Problem details: The material below holds pictures, which are to be left out; copy exactly the lines from the one with "belt_woven_multicolor_A159_kabak_5906742649581_5906742649598 (1)" through the one with "JUJU、New Album".

The records:
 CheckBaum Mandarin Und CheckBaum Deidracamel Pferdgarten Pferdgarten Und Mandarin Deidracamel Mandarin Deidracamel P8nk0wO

--

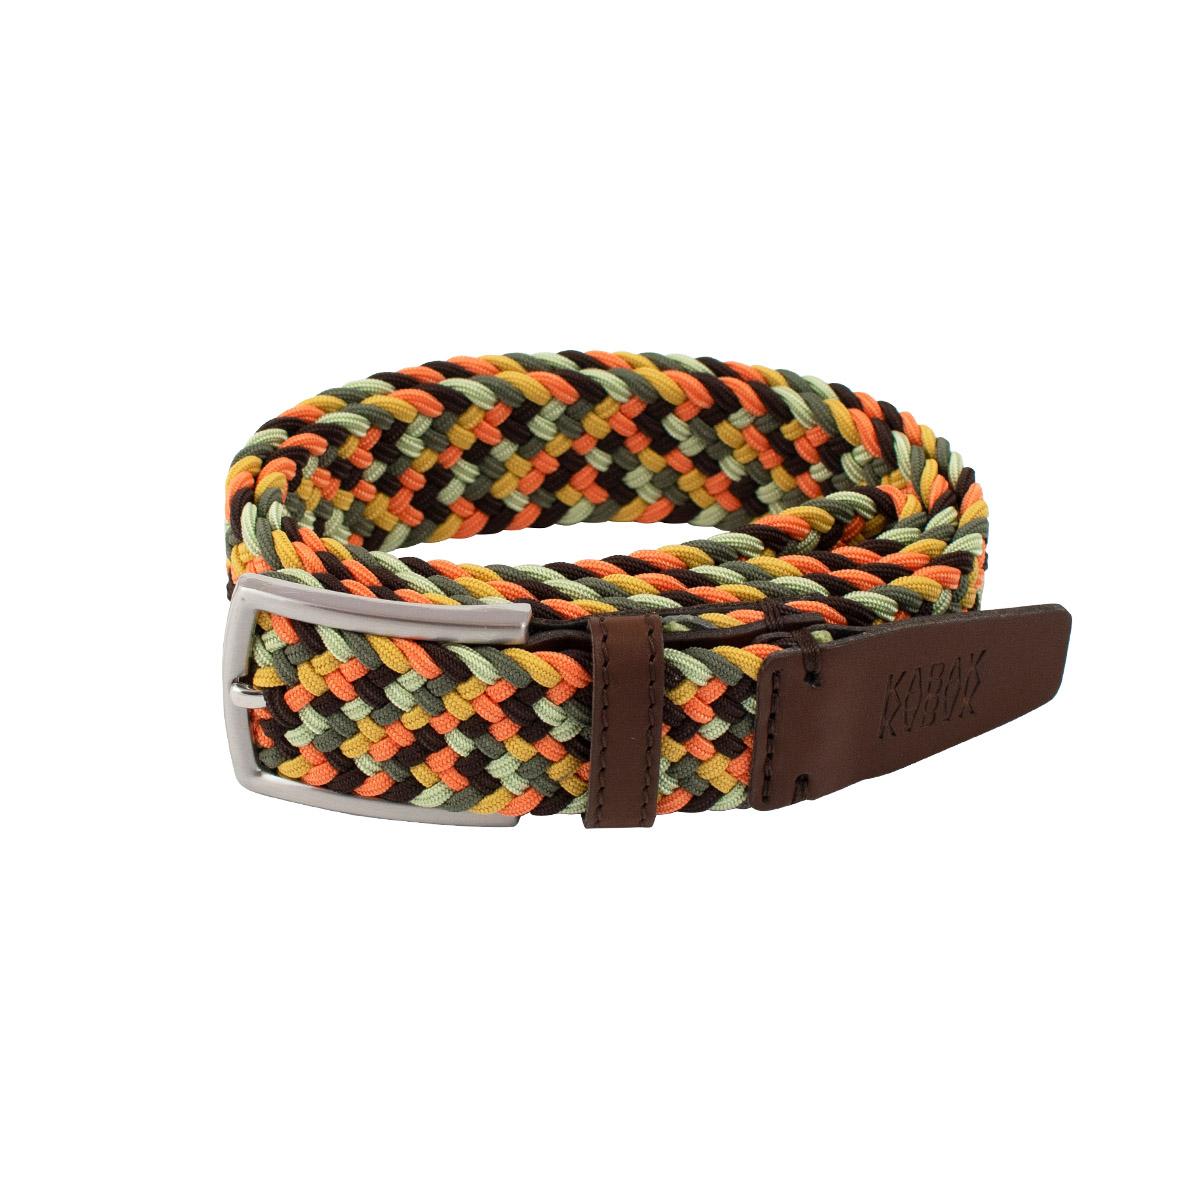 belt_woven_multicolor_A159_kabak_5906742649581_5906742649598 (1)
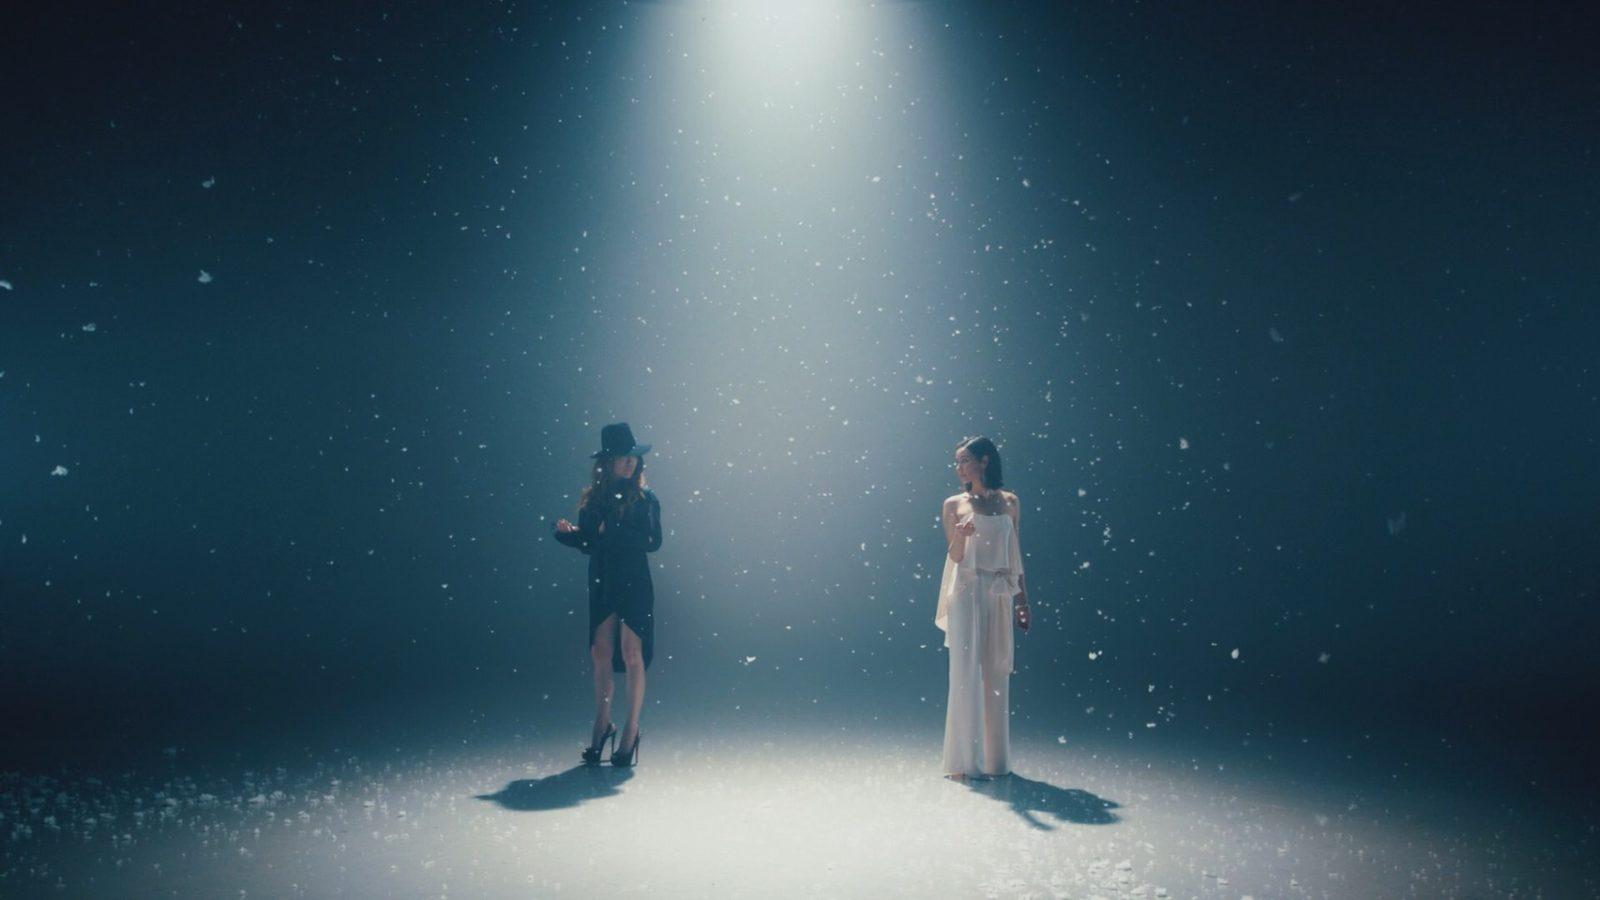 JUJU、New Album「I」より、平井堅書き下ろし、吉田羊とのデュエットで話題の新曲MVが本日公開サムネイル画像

Solution to this task:
 belt_woven_multicolor_A159_kabak_5906742649581_5906742649598 (1)
 JUJU、New Album「I」より、平井堅書き下ろし、吉田羊とのデュエットで話題の新曲MVが本日公開サムネイル画像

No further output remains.